I will come to the wording of this rule in a minute, but I will first reply to something else that the noble Lord, Lord Rennard, said. In his preamble to dealing with the amendment, he addressed himself to the parliamentary channel and those who are listening. In so far as he did so, I will equally do so. He appeared to be in order because no one objected. It is important for people who are watching the parliamentary channel to understand that we are sitting here now at half past midnight—we may well sit all night—because some of us believe in a very simple principle. Because this is a constitutional Bill, the process by which it is being dealt with in Parliament is the wrong one. There has been no Green Paper, no White Paper, no prior scrutiny of draft legislation and no consultation with the political parties. A number has simply been pulled out of the air, inserted into the Bill in the middle of frantic negotiations over the formation of a Government, and handed to parliamentary counsel or the people who write legislation to produce it in the Bill, which now has to be rammed through both Houses of Parliament.

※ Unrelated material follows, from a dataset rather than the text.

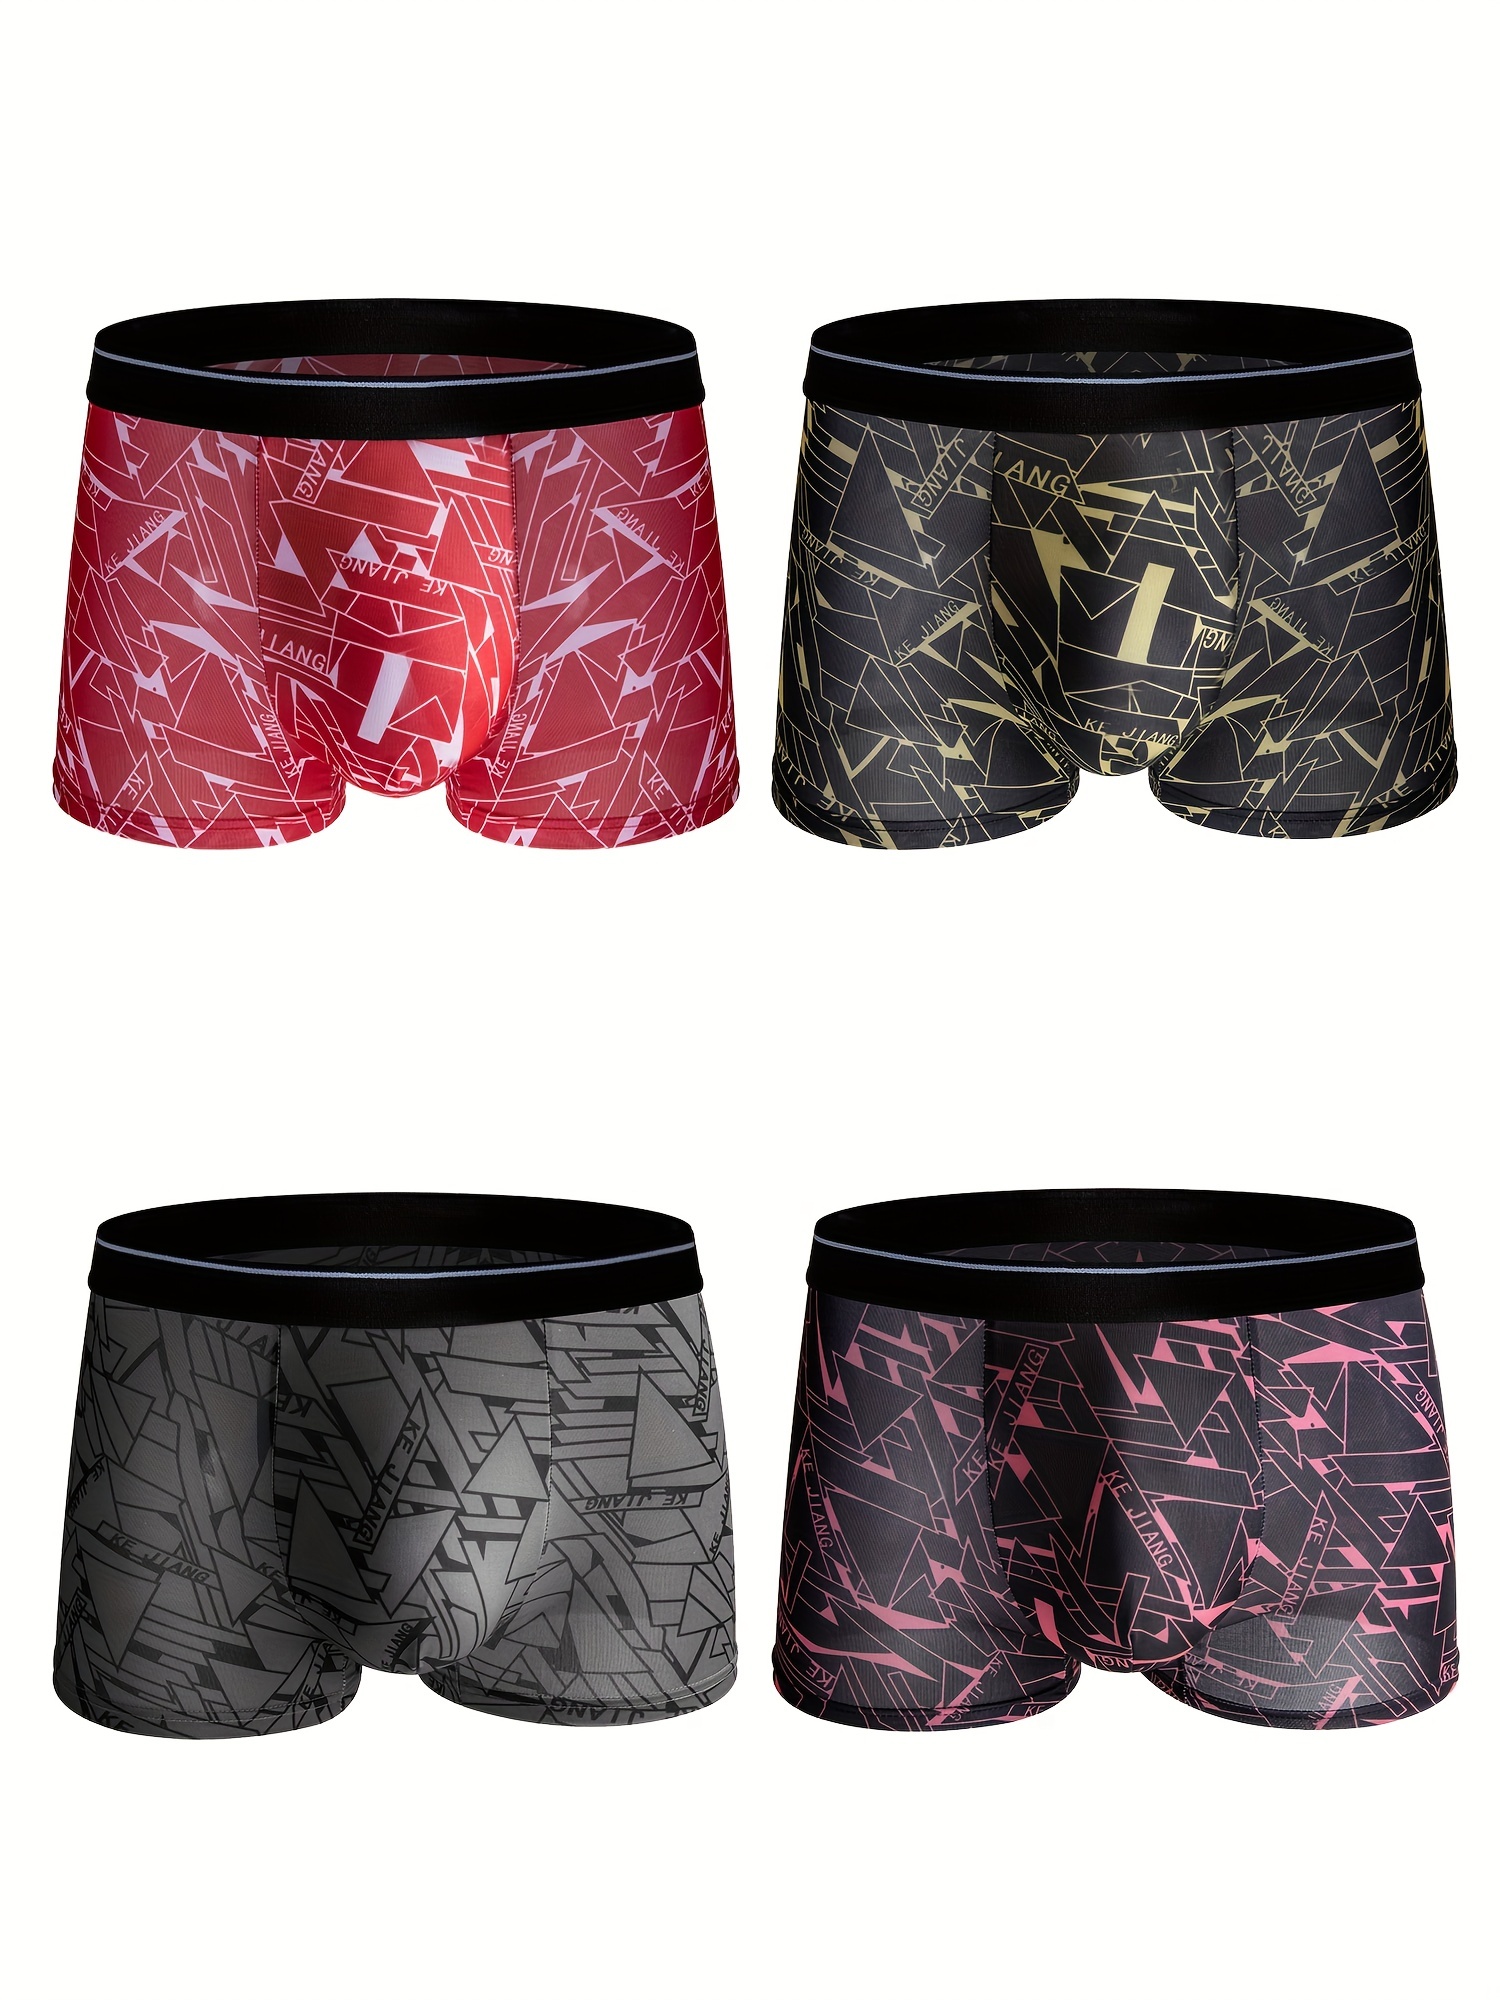 4pcs Men's Ice Silk Cool Comfy Elastic Summer Boxers Briefs Underwear, Slim  Fit Quick Drying Underpants, Multicolor Set

That brings me to the comments of the noble Lord, Lord Tyler. He said that the other House voted on the Bill. It is true that it voted on it, but there was no real debate in the House of Commons on this matter because of a contractual agreement between two parties to a coalition. That contractual agreement means that there is no free debate between two major parties in British politics: the Liberal Democrat party and the Conservative Party. If there are people watching the parliamentary channel, they might for once stop and think that there may be an explanation for what is going on in the House of Commons. I have put it in my language; I am sure that all my noble friends could put it in theirs if they so wished.

I move now to the comments of the noble Viscount, Lord Eccles, who referred to 318. I do not think 318 was a cap, was it? It was a target.